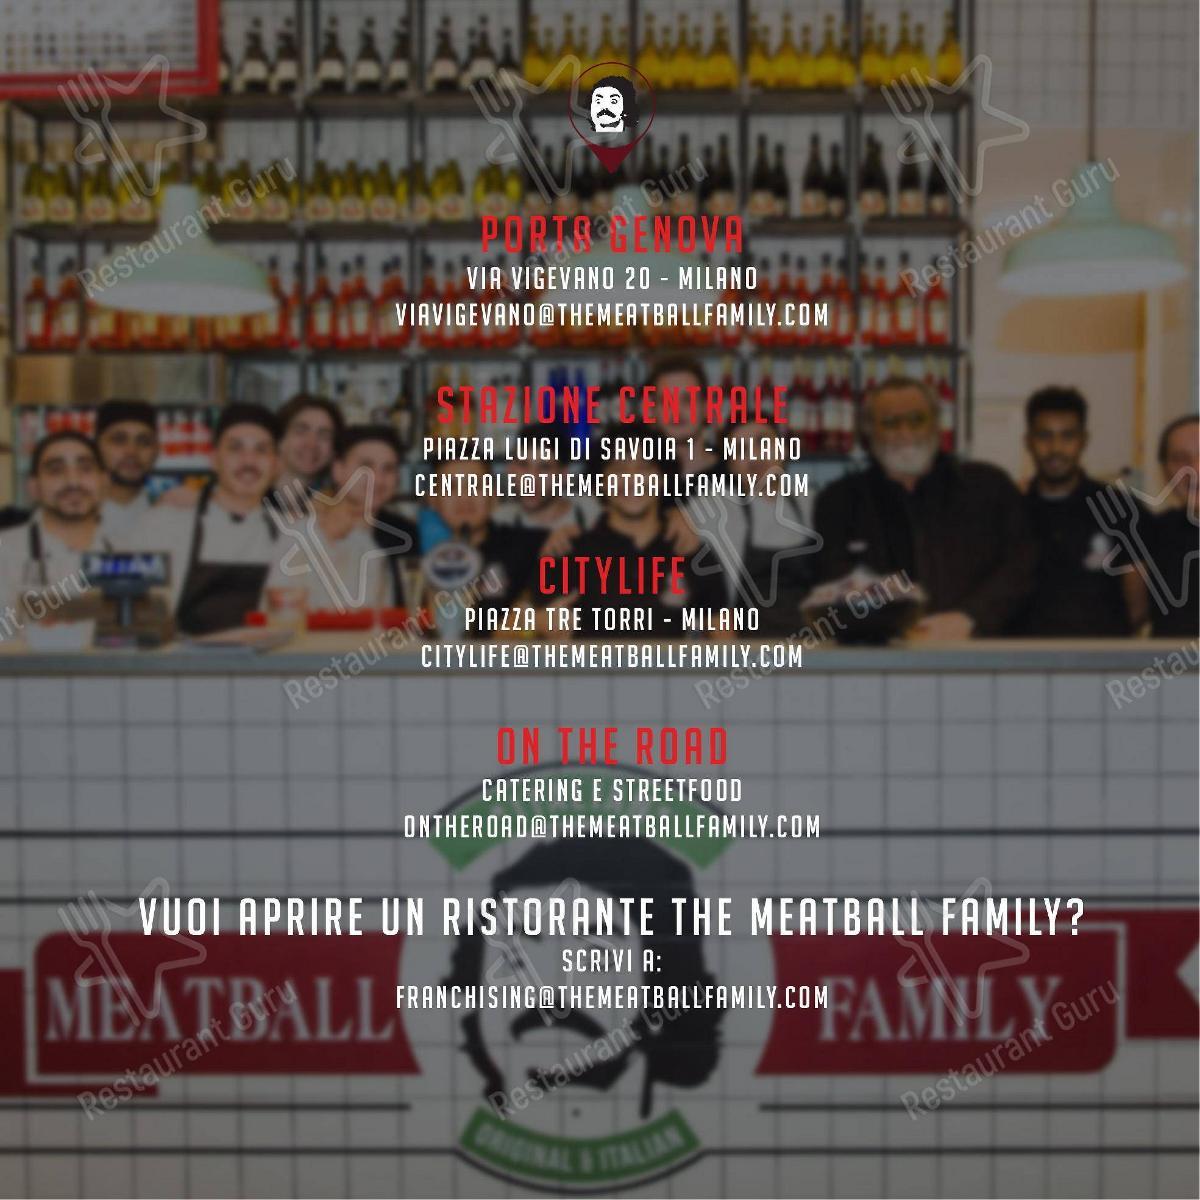 Seht euch die Speisekarte von Meatball Family an
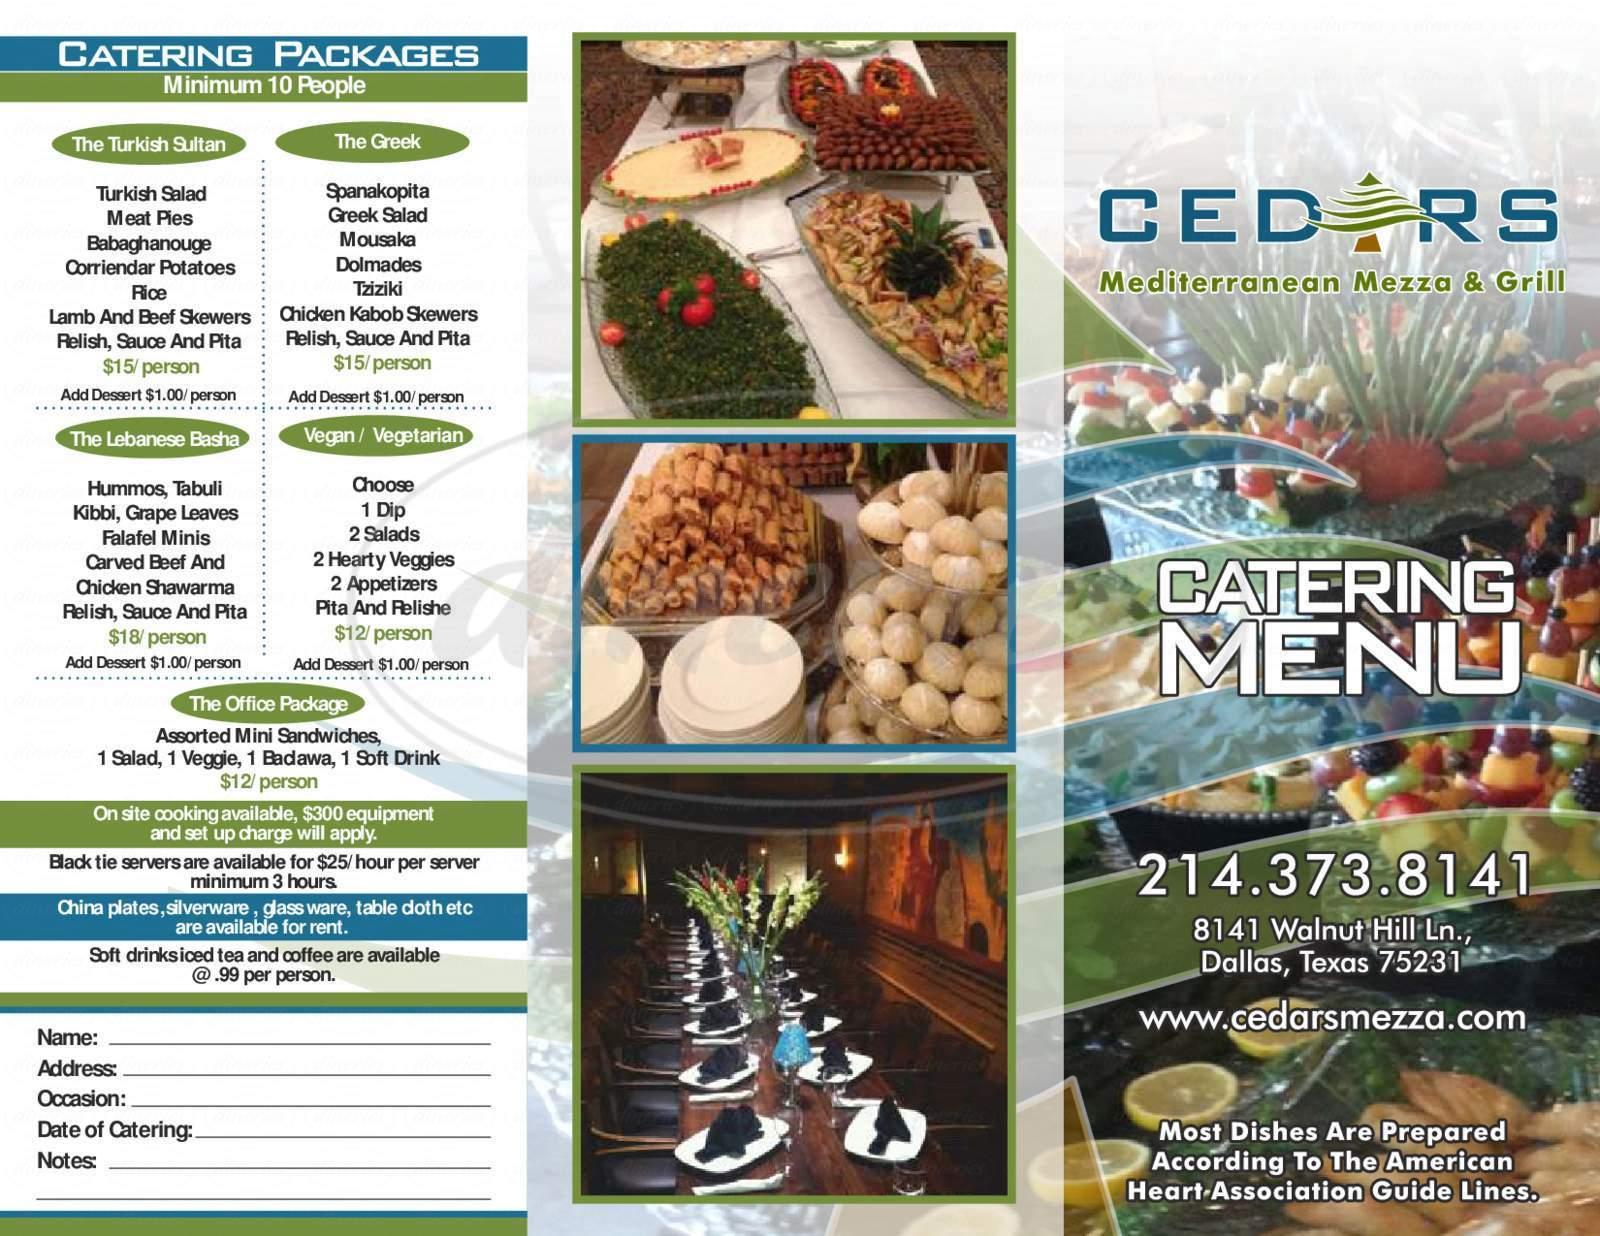 menu for Cedars Mediterranean Mezza & Grill
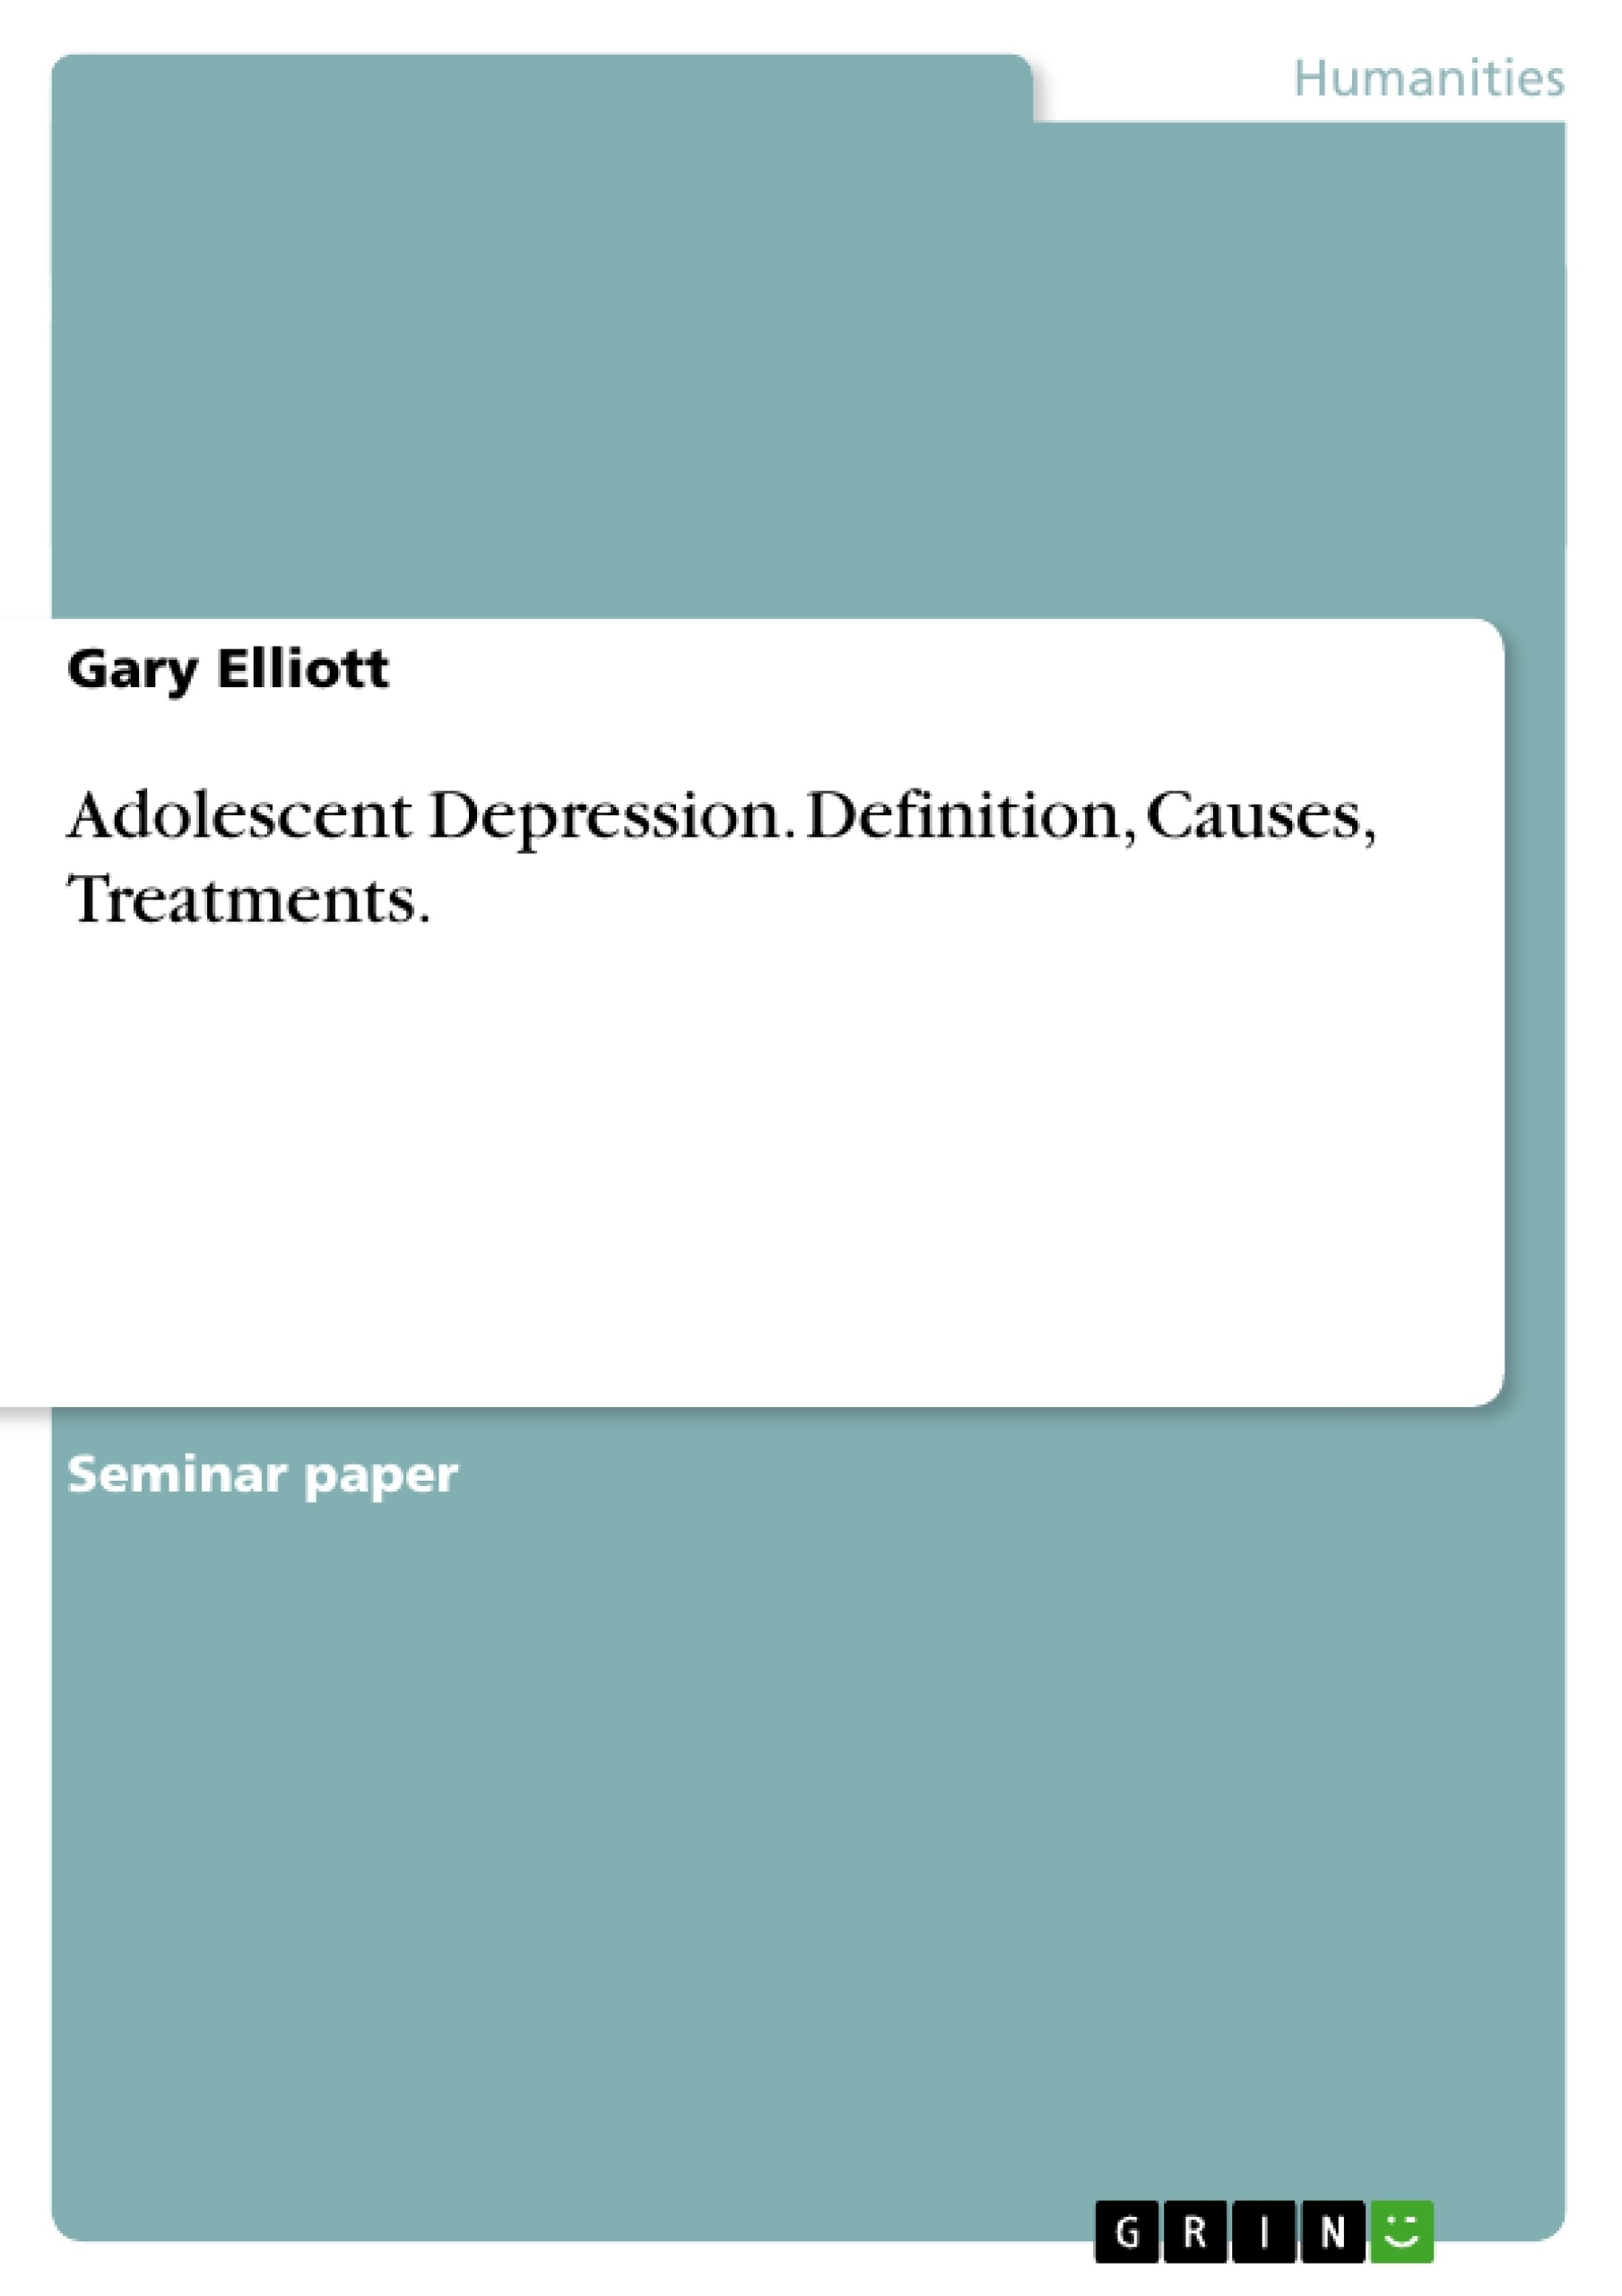 Title: Adolescent Depression. Definition, Causes, Treatments.
○ ○ ○ ○ ○
Exercise requirements: I'd like the material above repeated exactly, with the pictures omitted.

Output for this exercise:
 Seht euch die Speisekarte von Meatball Family an
 menu for Cedars Mediterranean Mezza & Grill
 Title: Adolescent Depression. Definition, Causes, Treatments.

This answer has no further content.